López had dug two trenches during the night of 13 July, from which he planned on having snipers and artillery fire into the Brazilian left flank. Brazilian general Guilherme de Sousa led 3,000 men from the 4th Brazilian Division in an attack on the southern trench at 0500 on 16 July, supported by three Brazilian cavalry regiments. The Paraguayans were led by colonel Elizardo Aquino who was mortally wounded after 16 hours of fighting and four counter-attacks. The Paraguayans suffered 2,000 casualties in the loss of the southern trench, while the Brazilians had 282 men killed, 1,579 wounded and 38 missing, and the Argentines lost 3 killed and 52 wounded

==Battle of Sauce==
The Brazilians attacked again on 18 July, the flanking movement by general José Luís Mena Barreto and a frontal assault by general Vitorino José Carneiro Monteiro.
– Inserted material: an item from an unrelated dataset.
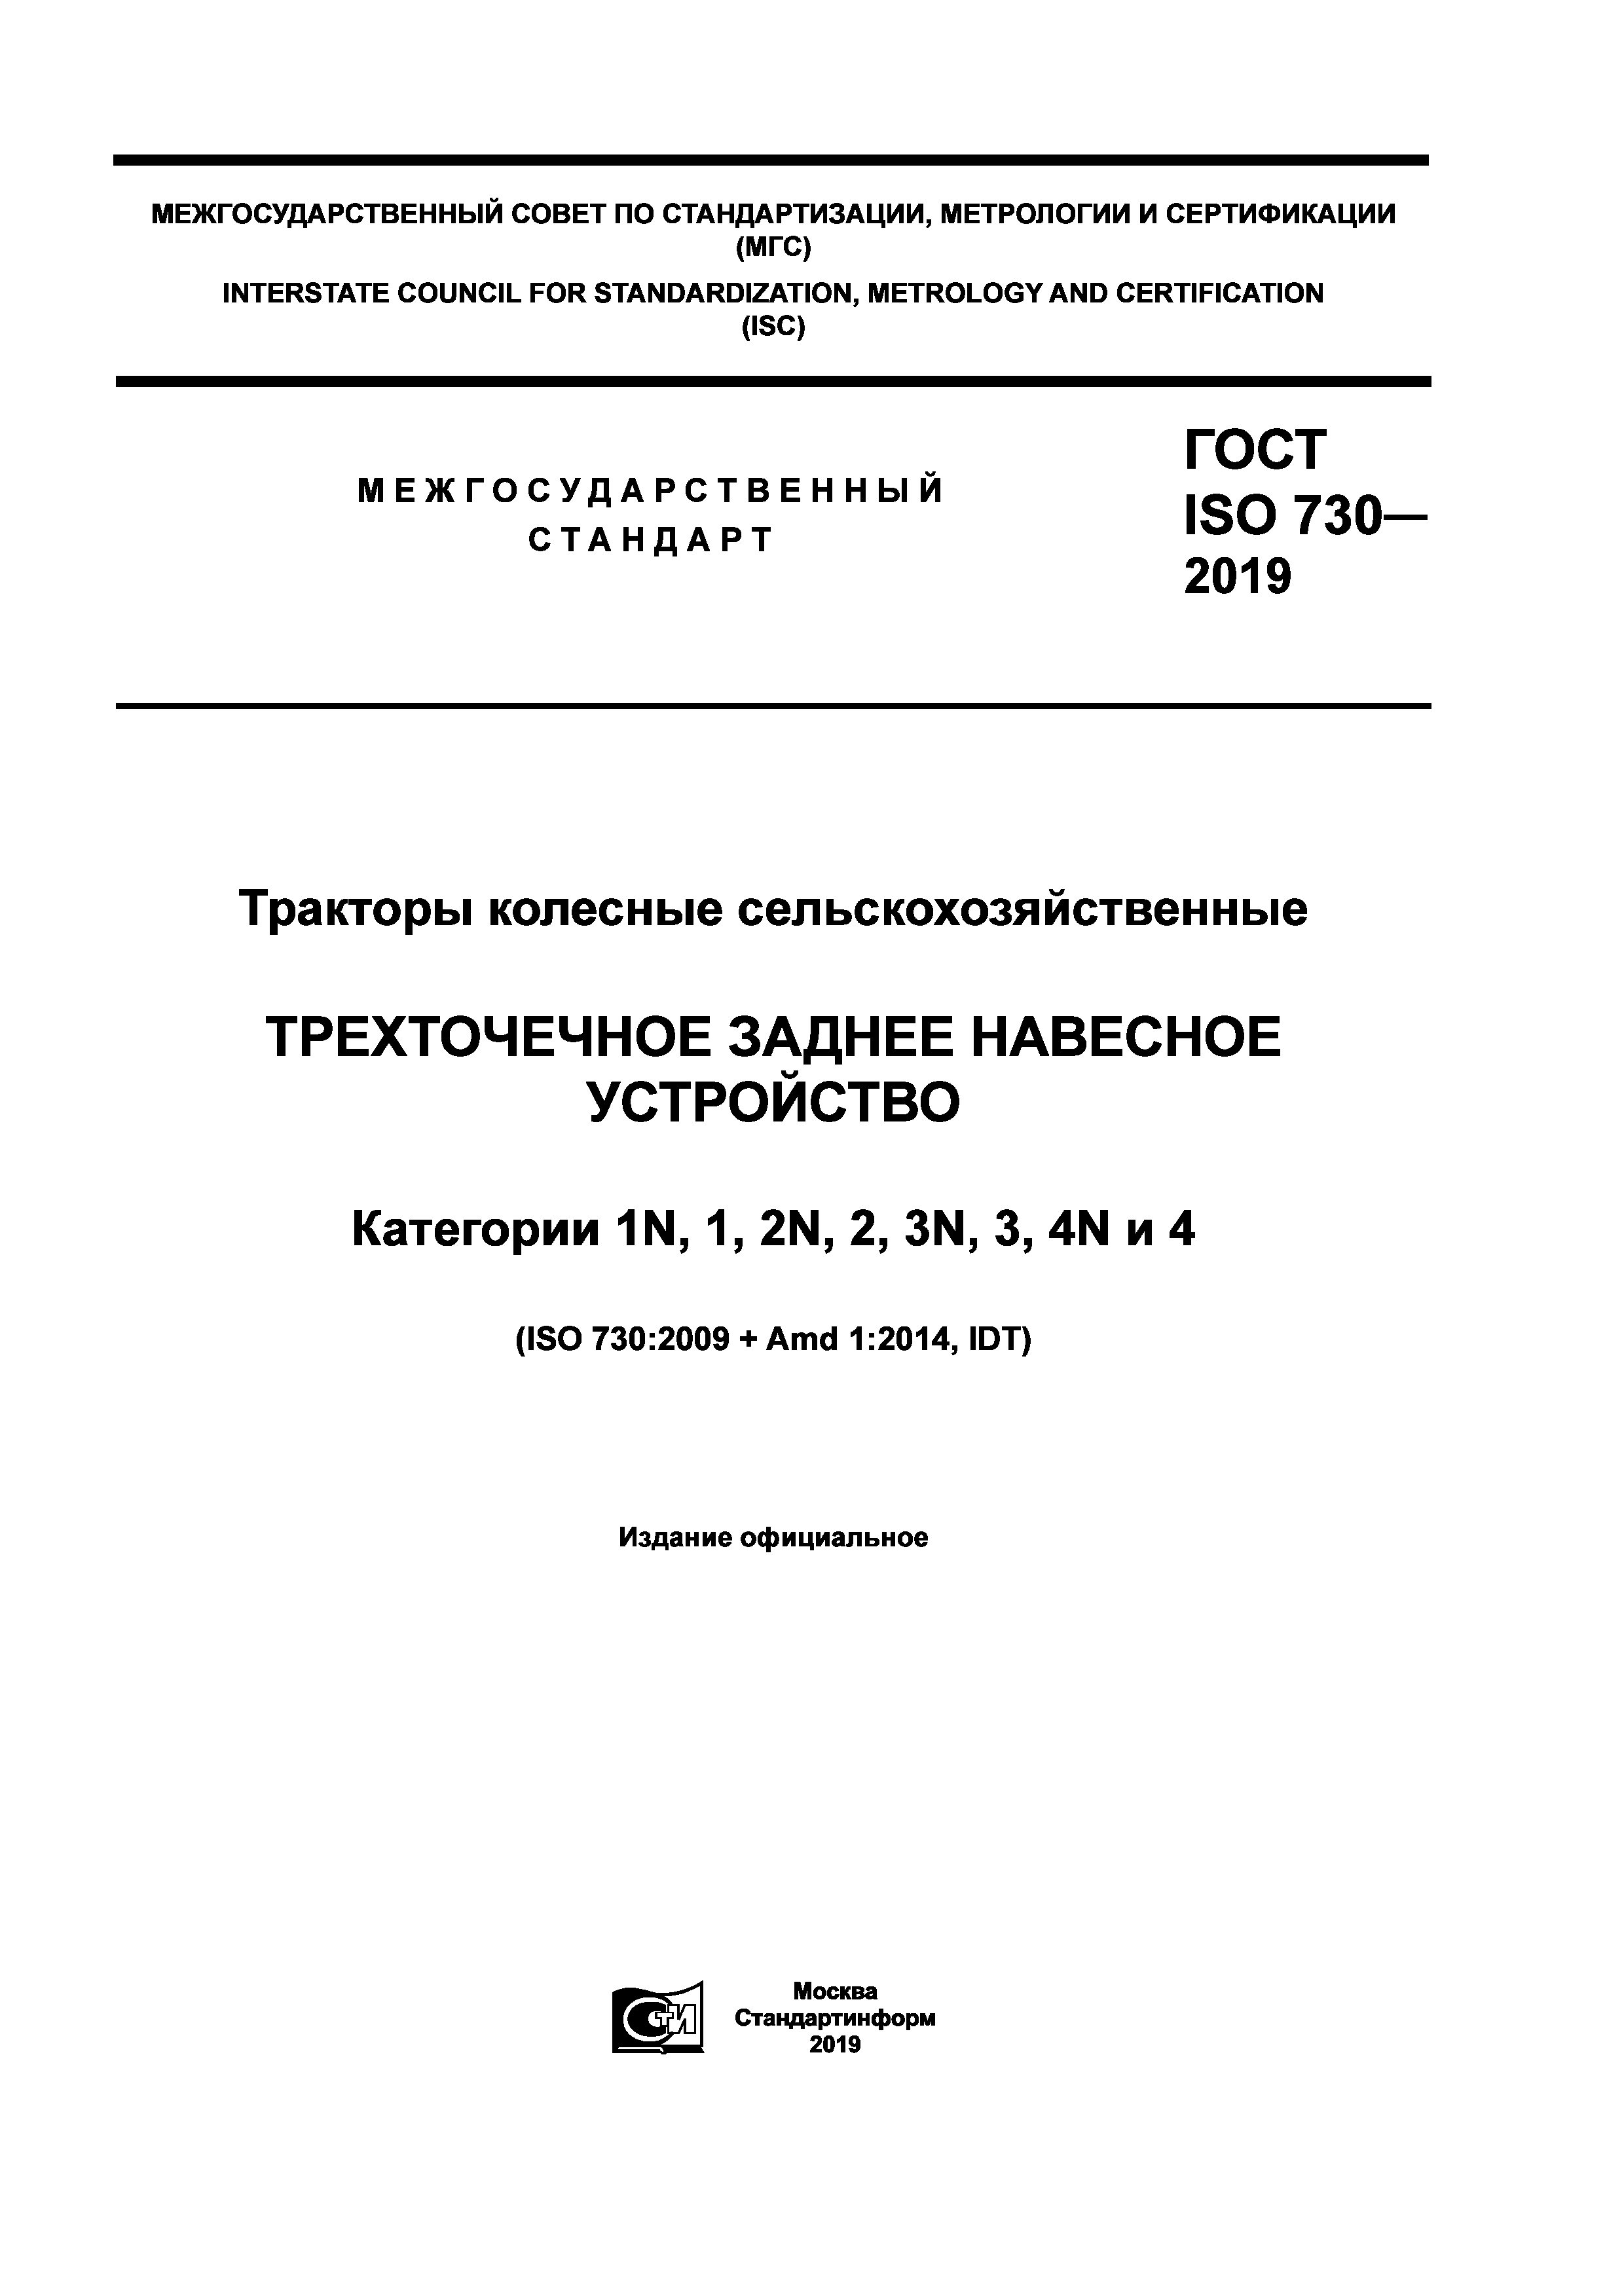 ГОСТ ISO 730-2019

General Flores had general Sousa replace Monteiro when he was wounded. The allies lost colonels Palleja, Aguero, and Martínez. The Brazilians had 630 killed, 2,938 wounded, and 54 missing, the Argentines had 201 killed, 421 wounded, the Uruguayans had 250 casualties, while the Paraguayans had 2,500 casualties.

==Aftermath==
The Battle of Curuzú was soon to follow.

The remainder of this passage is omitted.